Sometimes the losses elders sustain occur in rapid-fire sequence, with little or no recovery time in between.1,6
It is no wonder that older adults, in one way or another, exhibit what we consider resistance to their changing lives. In terms of a hospitalization, this may mean saying “no” to medications, individual providers, tests, surgery, home-health visits, or something as small as being talked to or touched in what they perceive as a disturbing, overly familiar, or mechanized manner.
“Many patients are resistant to having people come into their homes and help them, and at the same time they are resistant to going to a skilled nursing care facility,” says Dr. Green, “and it has to do with their [feelings of the] loss of independence and control over their lives.”
“It’s very easy if you’re in medicine to normalize your context of the hospital,” says Solie. “In other words, the hospital seems familiar to you and you’re very comfortable moving around there, and mainly because you’re in control. You’re the doctor … and you move in the hospital in order to make things happen and you never feel all that threatened. But when you bring an older person who already has a heightened sensitivity toward losing control into the hospital—this complex, technological world of medicine—and they have the cumulative disadvantage of being sick,” says Solie, “it’s really important to remember that there will probably be no other state that they’ll be in, except maybe nursing home care, where they will feel so out of control.”

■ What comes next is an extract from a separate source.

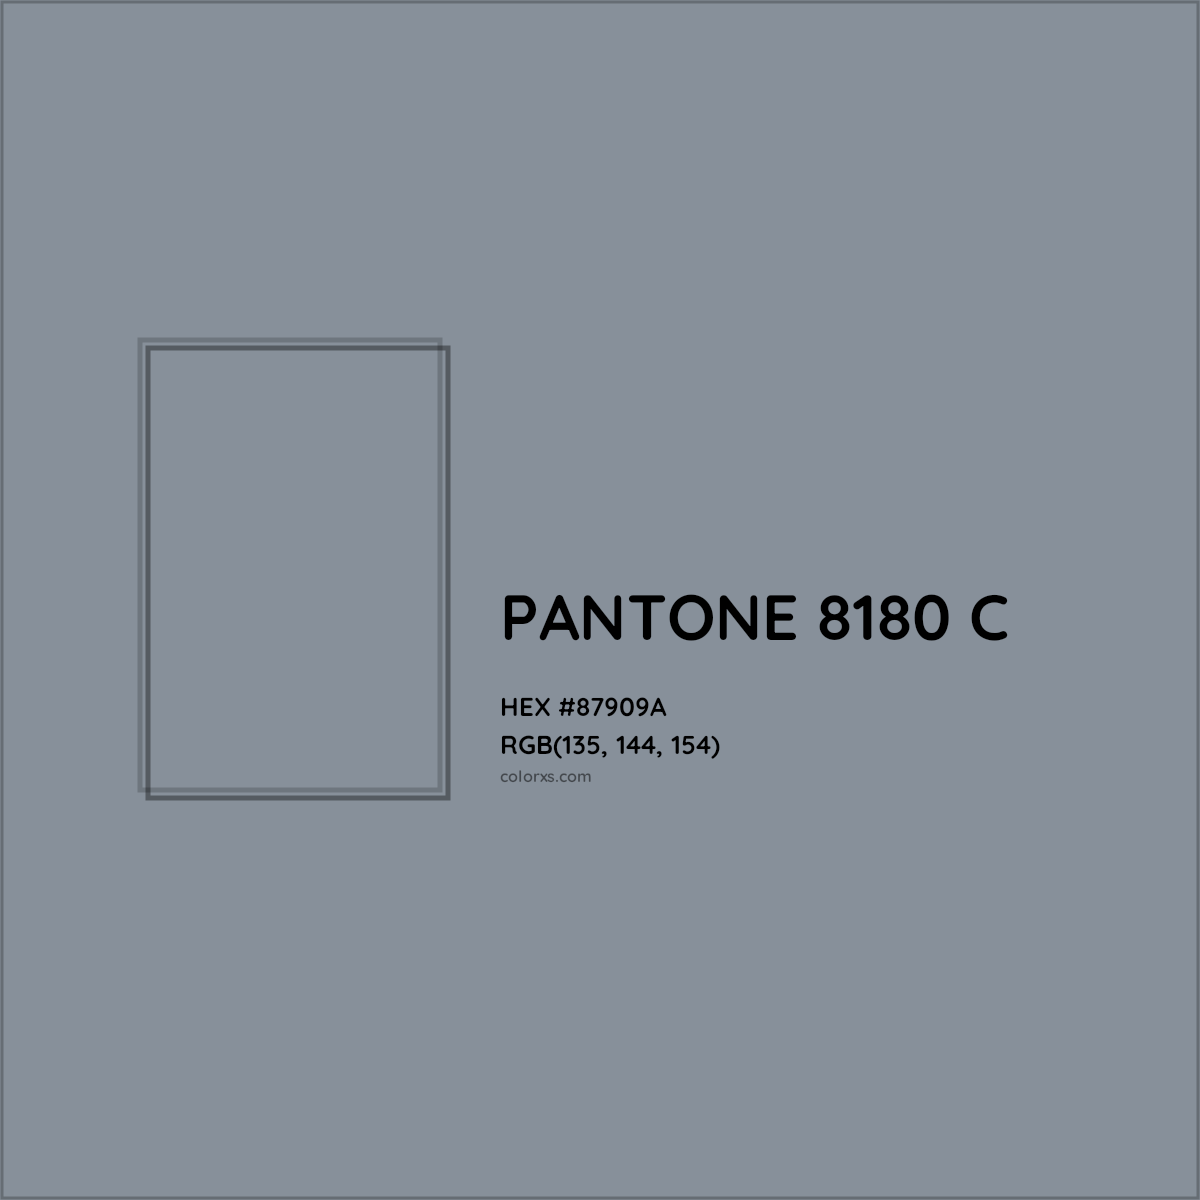 HEX #87909A PANTONE 8180 C CMS Pantone PMS - Color Code

A good first step in communicating with older patients is to quickly develop a rapport with them and show them you recognize what they’re up against.7 “They really want to know whether or not I get it,” says Solie.
The way you communicate that you get it, he says, is fairly straightforward: When I’m first interacting with the patient, I say, “if you are like my [other] elderly patients … I’m sure you’re feeling a lot of anxiety over [not having much] control and, first of all, I want to assure you that I’m going to make sure you understand the choices and help you make all the decisions. And … I’m definitely going to … put everything in a language that you understand. But if I’m not successful, I’m going to employ someone from your family. We’re going to work together. Even though you’re hospitalized and even though you’re fighting this illness (or whatever the condition might be), you still [have] the right to make choices, and my goal is to partner with you. My expertise is medicine, but you have an expertise in your life.”
In other words, you are signaling that you recognize that control is the issue. Acknowledge the loss, ask about the value of the event or decision to the patient, ask what you can do to help them deal with their feelings or make up their minds. It also allows you to remind an older patient’s children that control is a big and normal concern for their mother or father.
Many people who are hospitalists—who are even in their late 20s, 30s, 40s—have been totally healthy their whole life, so it is hard to relate to what it’s like to be older and to be losing function, losing friends who are also dying, losing their house … it can be helpful for the hospitalist to take time and explore those issues [of loss and legacy].
—Eva Chittenden, MD
Hospitalists at a Different Time and Place
The elderly desperately need people who can serve them as natural healers, who are not constantly in a hurry, and who care what they are thinking and feeling. How can hospitalists relate to those who are in the midst of life review and who are hanging on to an escaping control? How can they serve their patients in a way that meets all needs?